Climate change is happening, and it will affect every industry. It’s irresponsible for large business advocacy organizations, including the U.S. Chamber of Commerce, to think that our government should stand by and do nothing, while climate-related disasters in 2012 caused more than $139 billion in damages. U.S. taxpayers shelled out $96 billion in climate-related damages in 2012 alone or while sea levels rise 6.6 feet by 2100 – enough to swamp Miami.

The costs from carbon pollution will be terrible for business. Climate change poses tremendous risks: Insurance premiums will skyrocket, electricity prices will soar, jobs will be lost, food and transportation costs will dramatically rise and taxes will likely increase in order to pay for needed infrastructure upgrades.

That’s why business organizations like ours, and many of America’s largest companies, reject the notion that EPA’s rules will destroy the American economy.

A poll released in June by the American Sustainable Business Council (ASBC) found that 64 percent of small business owners believe government regulation is needed to reduce carbon emissions from power plants. This is important because, as the same poll shows, about 1 in 5 small business owners said climate change has already harmed their operations.

Perhaps climate skeptics fail to see that the EPA’s proposal will define a market for solutions, not dictate what the solutions are. Perhaps they are unaware that the standards provide for flexibility on the part of governors, or that carbon reductions will enhance this nation’s international credibility and competitiveness. Entrepreneurial activity and private sector capital follows closely in response to government action to address climate change.
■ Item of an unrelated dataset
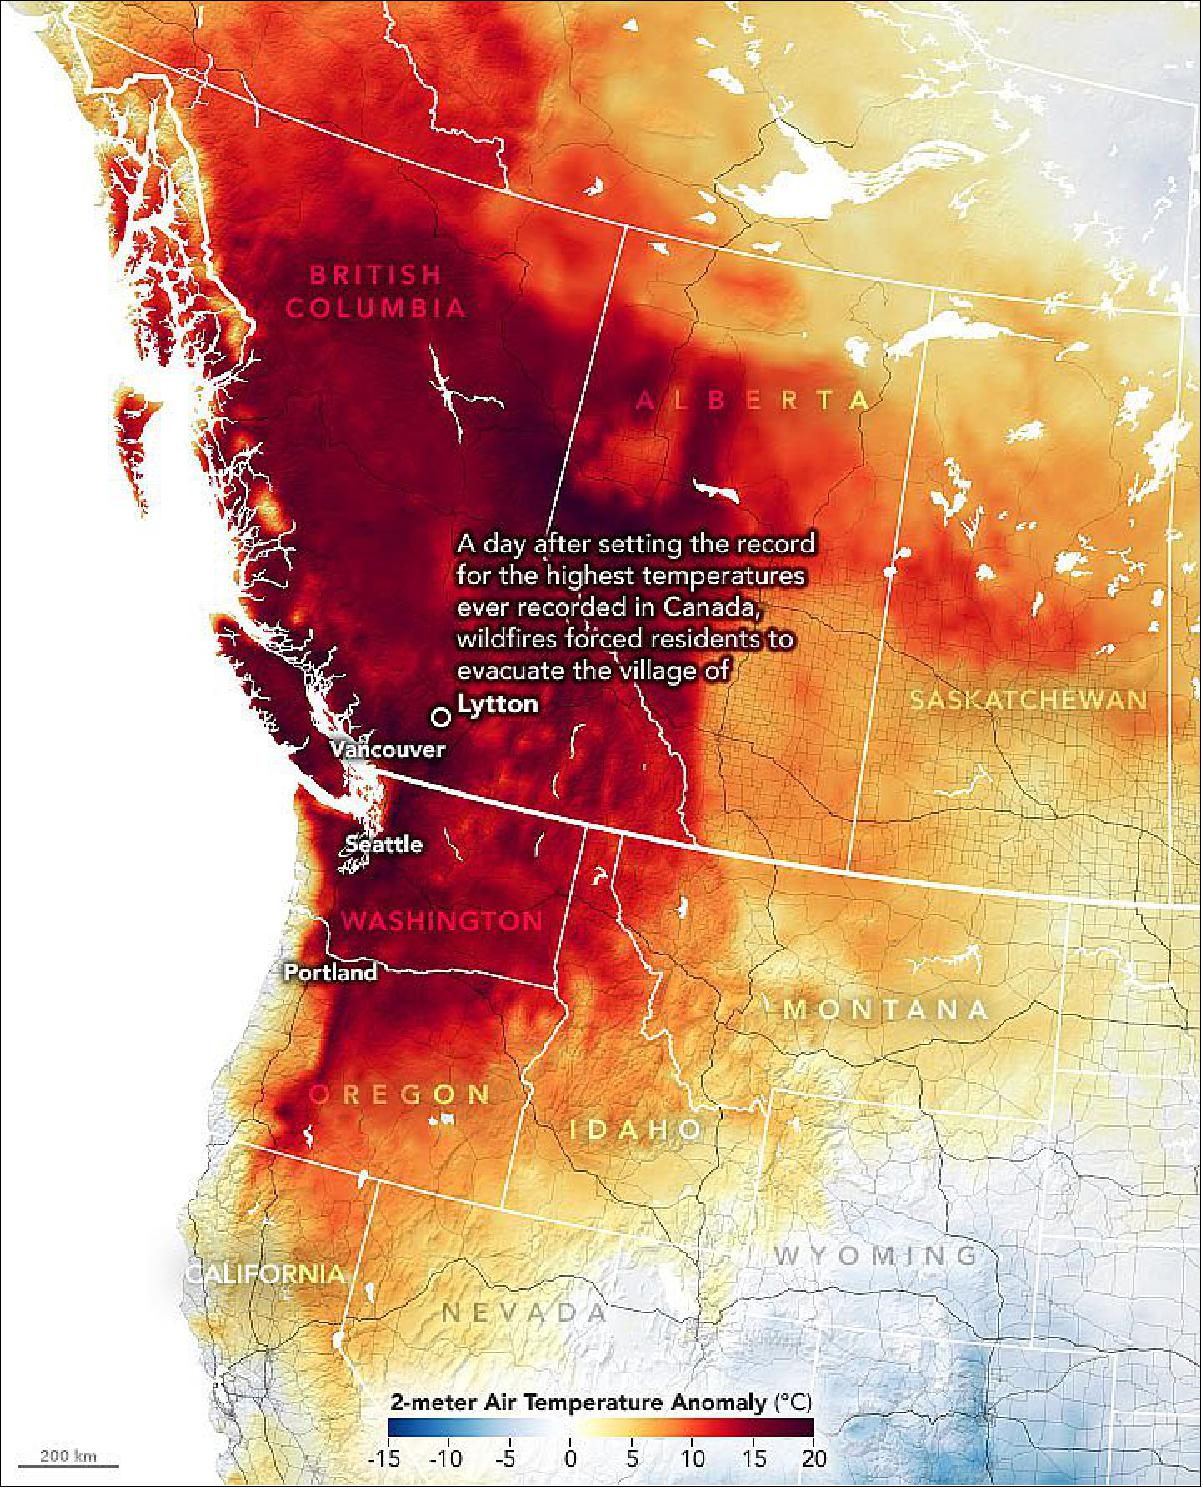 Figure 29: The map shows air temperature anomalies across the western United States and Canada on June 29, 2021. The map is derived from the Goddard Earth Observing System (GEOS) model and depicts air temperatures at 2 meters (about 6.5 feet) above the ground. The darkest red areas are where air temperatures were 36°F (20°C) higher than the 2014-2020 average for the same day (image credit: NASA Earth Observatory)

Under this plan, states would have extensive options to choose how they meet these standards - and businesses, including utilities, will have time to adapt. EPA’s goals take into account each state’s unique and current energy mix. This is a smart approach that recognizes the dynamic nature of the market and the power of businesses to innovate.

Electricity generation accounts for a third of all U.S. greenhouse gas emissions, more than any other economic sector. Coal plants are the worst offenders of all. In 2012, coal energy was responsible for nearly a quarter of all greenhouse gas emissions in the U.S. The 100 dirtiest power plants in this country are responsible for 3.2 percent of global CO2 emissions - and all but two are coal-fired plants. Cutting these emissions is crucial, but there are multiple paths to accomplish that.

A state like Kansas, which had as many as 4,000 jobs supported by wind energy in 2013, could invest in more wind power. Arizona, which led in solar energy per capita in 2012, could continue its rapid growth. The same could go for Washington State, the leader in hydropower. And states that want to join regional cap-and-trade systems can do so. EPA’s proposal will let states set their own course to meeting these standards.

Smart business people know that clear market signals and regulatory certainty drive investment. EPA’s carbon rules will lead to greater profit and prosperity, boosting economic growth and creating jobs.

What the EPA and many business leaders understand is that failure to address climate change is what will cause the most economic pain. It’s time to tackle climate change before it costs our people, businesses and nation even more.

Richard Eidlin is director of public policy for the American Sustainable Business Council. A previous version of this piece was published in the Daily Progress of Charlottesville, Virginia, and other publications.